Мама знает как минимум двадцать литературных игр. Сыграешь несколько и увидишь, как всплывает подводная лодка.

– Анне будет непонятно, – я попытался маму остановить.

– Почему же? Тут ничего сложного нет. Анна наверняка прекрасно разбирается в мировой литературе, ей будет интересно.

«Иван Ильич» – худшая из двадцати маминых игр. Ведущий называет болезнь, а игрок должен вспомнить литературного персонажа, нормальные люди в такое не играют. Вот так примерно: подагра – это Ноздрев, под мышкой шарманка, под другой зять Мижуев, и пестрая борзая сука из кармана халата выглядает, то есть не сама сука, а два ее бойких пащенка. А то и сам Портос, в смысле страдает большим пальцем ног.

– Ну, так я начинаю, – объявила мама. – Итак, кто первый вспомнит…

– Давайте лучше в приколоченного зайца, – перебил я.

Мама поперхнулась.

– Что? – спросила она потерянно.

– В приколоченного зайца сыграем.

На лице у мамы обозначилось отвращение.

– Как? – спросила Анна. – Прибитый заяц?

– Ты рассказываешь самую страшную историю из своей жизни, потом я рассказываю. Потом решаем, чья страшнее. Мы с отцом всегда раньше играли.

– Твой отец всегда обожал играть в «Ивана Ильича», – поправила мама. – И мы в него сейчас сыграем.

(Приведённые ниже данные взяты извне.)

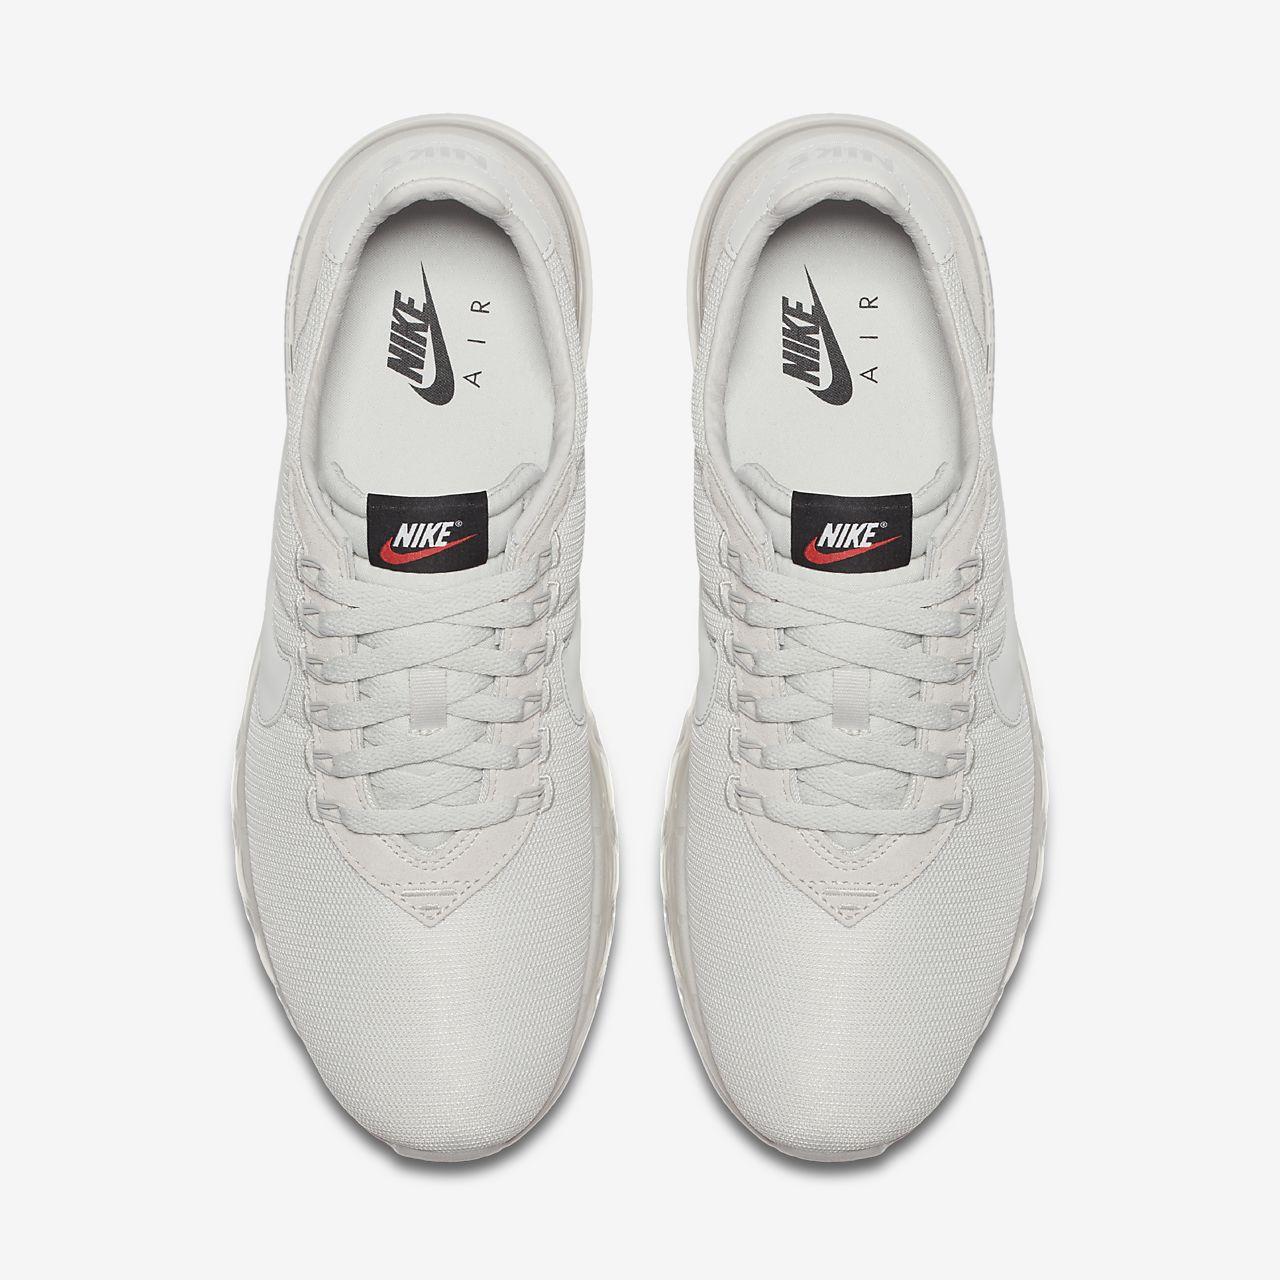 buy popular 3ee7a 2de63 ... Nike Air Max LD-Zero Unisex Shoe

Это было сказано совершенно неотвратимым голосом.

– А может…

– Мы поиграем, – сказала мама. – Это очень весело.

Чахотка – Тыбурций Раскольников, ну или девица из «Трех товарищей», Патриция Хольман, кажется.

– Я называю болезнь, – сказала мама. – А вы вспоминаете. Начнем.

Эпилепсия – Смердяков с гитаркой и прочие его братья Передоновы.

– Правда, очень интересно? – спросила мама.

– Да, – сказала Анна. – Очень интересно.

– Редко что бывает интереснее, – сказал я.

Я думал, что Анна испугается – любой нормальный человек насторожился и немедленно помер бы от скуки, но Анна держалась. Вот что значит старая аристократия, Великанова бы не выстояла.

Волчанка – Иудушка Головлев с гнилым прыщеватым подбородком, и Газов из «Попутного пса».

– Раздвоение личности, – сказала мама.

Я галантно пропустил даму вперед, Анна, как иначе, Джекил и Хайд.

– Чума, – сказала Анна.

Я оказался шустрее мамы.

– «Чума», – сказал я.

– Нужно не произведение, а имя героя, – напомнила мама. – Впрочем, тебе простительно, сыночко, так и быть, зачтем. Твой ход.

– Бешенство, – сказал я.

– Нилов, помещик, – тут же ответила мама. – Чехов, рассказ «Волк». Так-так, детишечки, а вот вам аневризма аорты…

Это я вспомнил, но в целом бороться с мамой было бесполезно, скоро мы с Анной начали проигрывать, а мама стала потихонечку выдыхать. На аппендиците она окончательно успокоилась, вспомнила, что нашему прадеду вырезали его без наркоза, а он при этом пел песни и смеялся.